Sunday

November 23, 2014

November 23, 2014

Posted by **Anonymous** on Friday, February 22, 2008 at 9:59pm.

Tell whether the series converges or diverges. If it converges, give its sum.

infinity

(sigma) sin^n (pi/4 + n pi)

n=0

answer: converges, 2-sqrt(2)

----------------------------

1/2 + 2/3 + 3/4 + 4/5 + ... + n/(n+1)+...

even number question. don't know the answer

---------------------------

infinity

(sigma) (e/pi)^n

n=1

answer: e/(e-pi)

work:

-1<e/pi<1 Therefore, converges

a=1, r=e/pi

S= 1/(1-e/pi)

=1/(pi/pi-e/pi)

=1/[(pi-e)/pi]

=pi/(pi-e) (not the same as the answer)

- Calculus (#2 of 3) -
**drwls**, Saturday, February 23, 2008 at 7:12amThe second series sum cannot converge because it becomes an infinite sum of 1's, as n goes to infinity.

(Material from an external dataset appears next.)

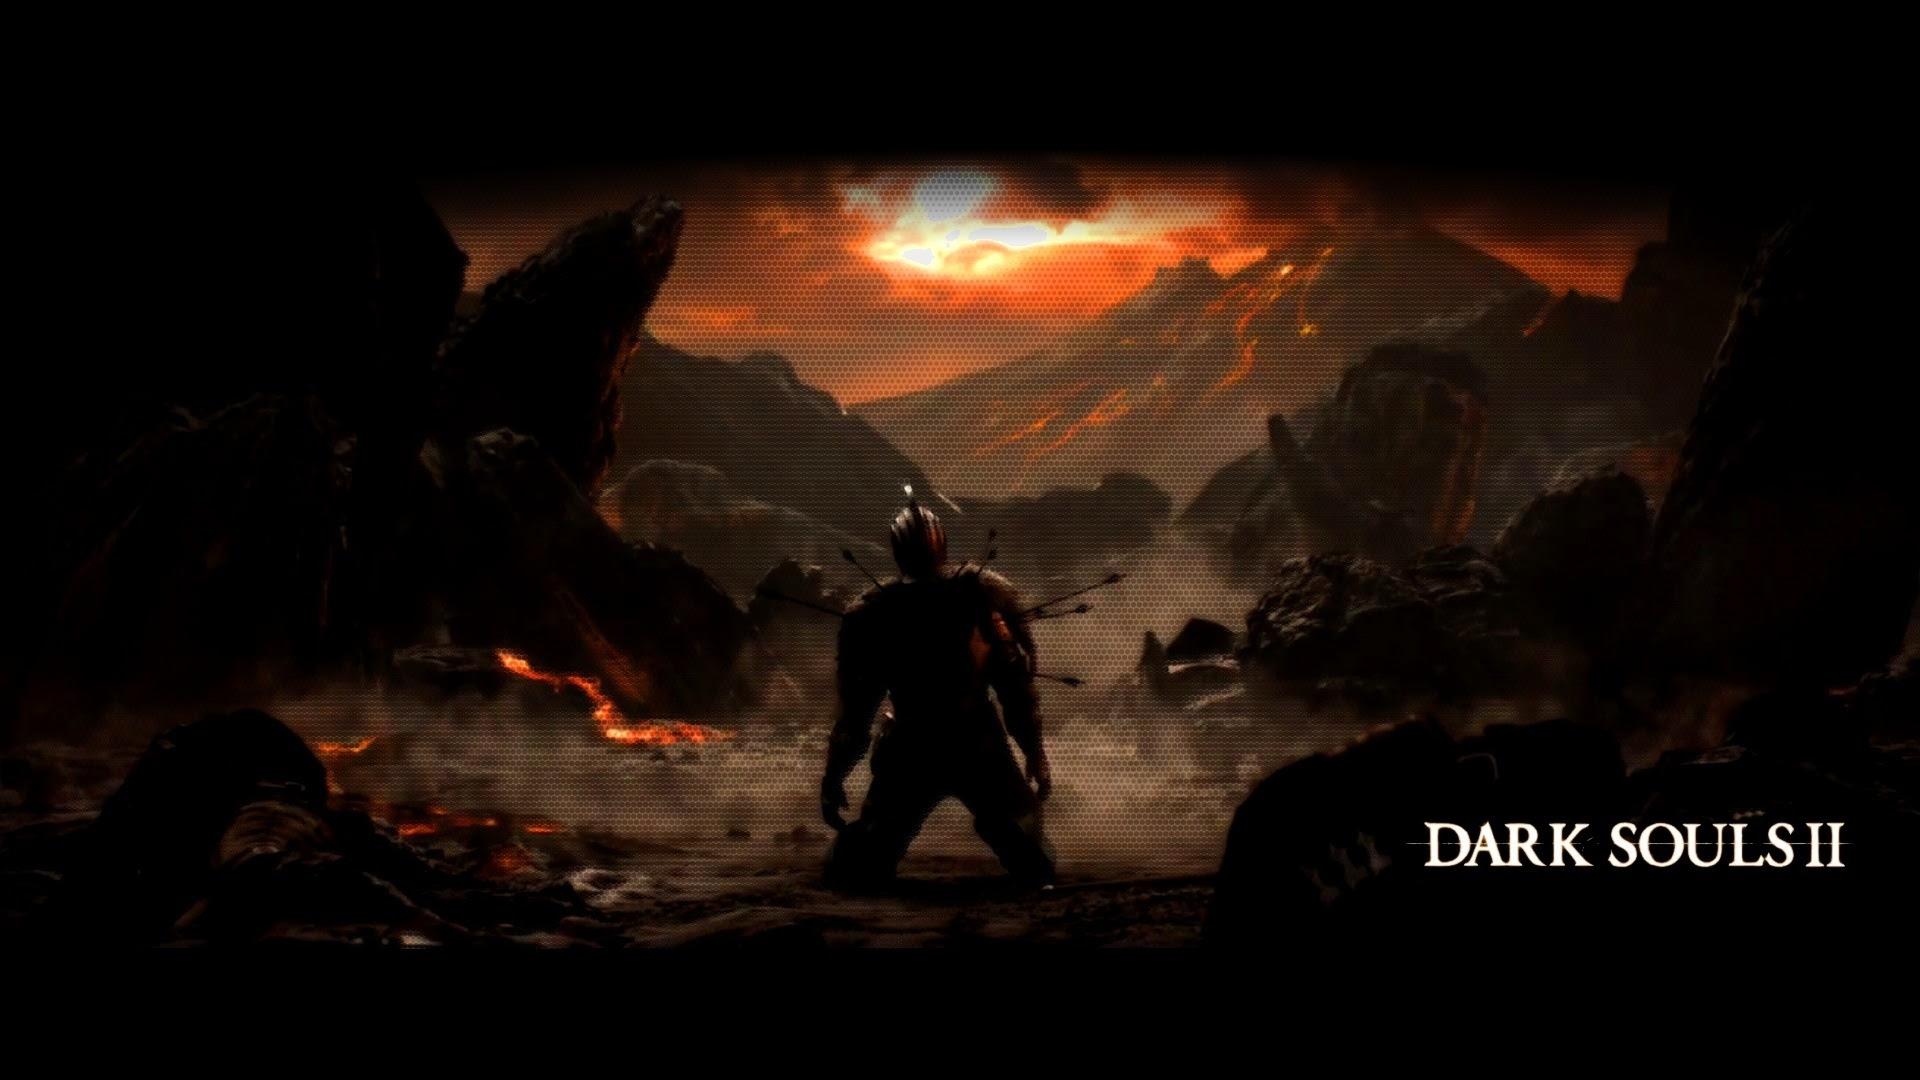 Dark Souls 2 Game Hd Wallpapers 4 1920x1080 Wallpaper Download

The third series has terms

e/pi + (e/pi)^2 + (e/pi)^3 + ...

= (e/pi)[1 + (e/pi) + (e/pi)^2+...]

= (e/pi)/(1 - e/pi)]

= e/(pi - e)

That also does not agree with the answer in your book, but I believe it is correct. My answer is positive while e/(e-pi) would be a negative sum, with terms that are all positive. That is not possible.

- Calculus (#1 and #3 of 3) -
**drwls**, Saturday, February 23, 2008 at 7:19amI answered #3 previously. (See #2)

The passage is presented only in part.